Three independent NS simulations were performed for each of the ACE models fitted to the AlSi10 HAL database and the corresponding heat capacity curves shown in Fig. 7. All models predicted the expected fcc ground structure, as confirmed using OVITO’s66 common neighbour analysis, but a difference in the predicted melting temperature for varying \({\alpha }^{{\prime} }\) can be seen. Only the \({\alpha }^{{\prime} }=300{\rm{k}}\) and \({\alpha }^{{\prime} }=80{\rm{k}}\) models accurately predict the melting temperature of 867 K as given by Thermo-Calc with the TCAL4 database67. Comparison with Table 2 suggests that a test accuracy of at least 5 meV/atom is required to determine the melting temperature accurately.

Fig. 7: NS determined heat capacity CP for ARD fitted linear AlSi10 ACE models (left) and schematic phase diagram for AlSi1075 (right).
figure 7

Increasing melting temperature accuracy is demonstrated for fits with large \({\alpha }^{{\prime} }\).

Polyethylene glycol (PEG)

This section presents the application of HAL to build databases for polymers. Polyethylene glycol (PEG) has the formula H[OCH2CH2]nOH, where n is the number of monomer units68. From a modelling perspective these polymers are challenging to simulate in vacuum as they form configurations ranging from tightly coiled up to fully stretched out structures. Due to the OH group at the end the polymer can also exhibit hydrogen bonding, which further complicates its description. These hydrogen bonds typically correspond to low-energy configurations and are frequently formed and broken during long MD simulations. This section first presents a benchmark of HAL against AL followed by a demonstration HAL finding configurations exhibiting large errors. Finally, the potential fitted to small polymer units in vacuum is used to predict the density of a long PEG(n = 200) polymer in bulk with good accuracy relative to experiment. All DFT reference calculations in this section are carried out with the ORCA code69 using the ωB97X DFT exchange correlation functional70 and 6-31G(d) basis set.

In order to test whether HAL accelerates training database assembly relative to standard AL, a benchmark test was performed. An initial database containing 20 PEG(n = 2) polymer configurations was created by running 500 K NVT molecular dynamics simulation using the general purpose ANI-2x forcefield11 sampling structures after every 7000 steps (7 ps) to provide training and test configurations to be used in the following subsections. These ANI-2x sampled configurations were then evaluated using the ORCA DFT using the parameters outlined in the previous paragraph.

This database was fitted using an ACE basis containing basis functions up to correlation order ν = 3 and polynomial degree 10 with an outer cutoff 4.5 Å and inner cutoff 0.5 Å. The auxiliary pair potential basis up to polynomial degree 10 and outer cutoff 5.5 Å and did not have an inner cutoff.

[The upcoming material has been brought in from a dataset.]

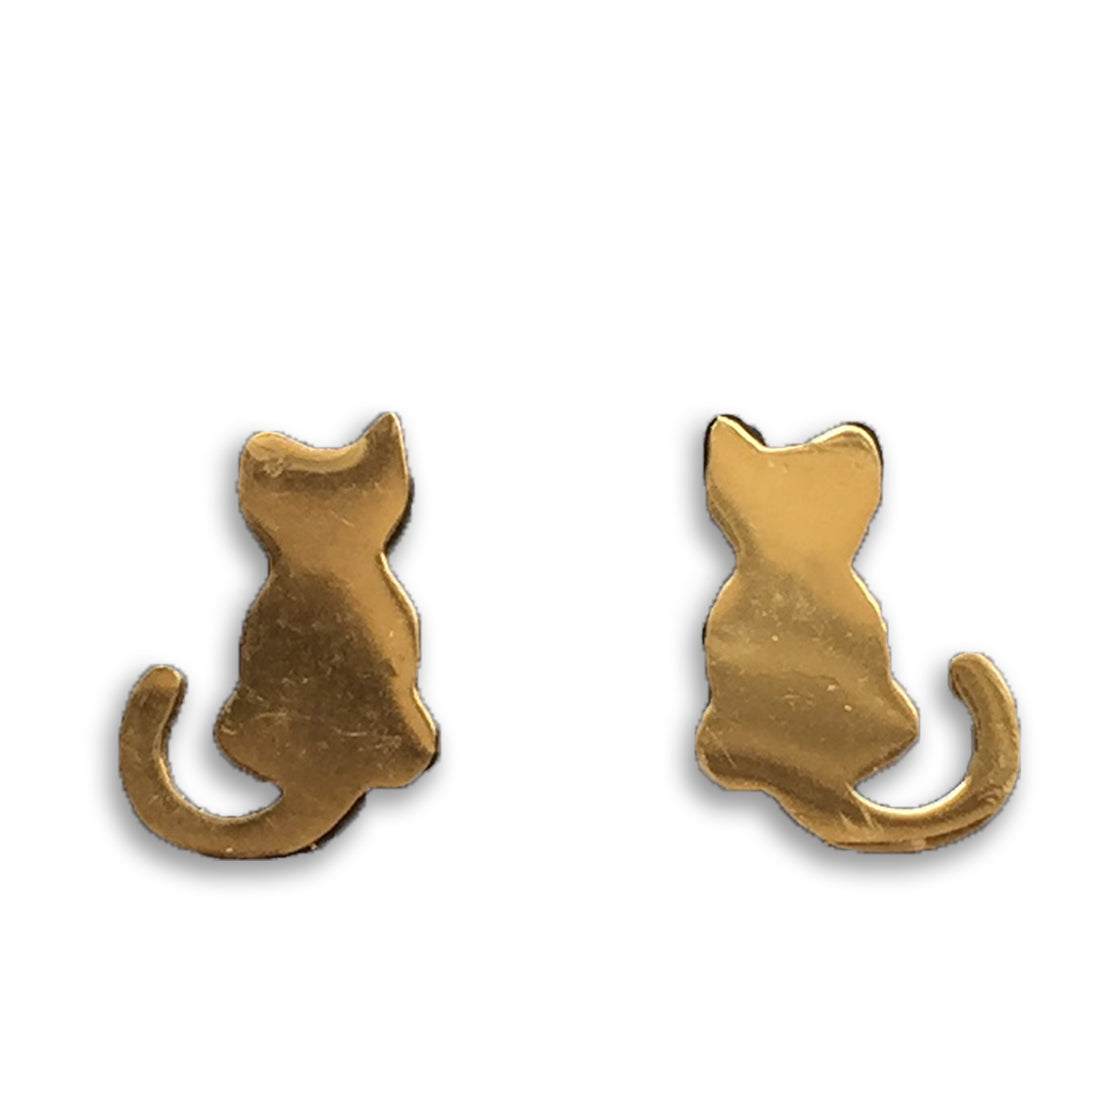 Solid Cat Earrings - Gold

The weights for the energy wE, forces wF were set to 15.0 and 1.0 and remain constant throughout this section on PEG. AL (non-biasing, or τ = 0.0) and HAL simulations with varying biasing strengths τr were performed using a timestep of 0.5 fs at 500 K. Configurations were evaluated using ORCA DFT once stol = 0.5 was reached.

The linear ACE models generated during the AL/HAL simulations were saved and subsequently used in a regular MD stability test and ran for 1 million MD steps at 500 K using a 1 fs timestep for 100 separate runs. A MD simulation was deemed stable if the CC and CO bonds along the chain where within 1.0–2.0 Å and the CH and OH bonds within 0.8–2.0 Å during the simulation. The minimum number of stable MD timesteps out of the 100 different simulations is shown in Fig. 8 and demonstrates that up to τr = 0.20 a total of 80 (H)AL iterations are required in order to achieve a minimum MD stability of 1 million steps. The large biasing strength of τr = 0.25 results in unstable MD dynamics as too strong biasing causes the generation of exceedingly high energy configuration far away from the desired potential energy surface to be included in the training database. Fitting to these configurations leads to a poorly performing model as many unphysical configurations enter the training database resulting.

Fig. 8: HAL vs. AL benchmark comparing MD stability for one million MD steps over 100 seeds.
figure 8

Turning on biasing (non-zero τr) creates ACE models achieving stable 100 million MD timestep faster than standard AL by up to an order of magnitude.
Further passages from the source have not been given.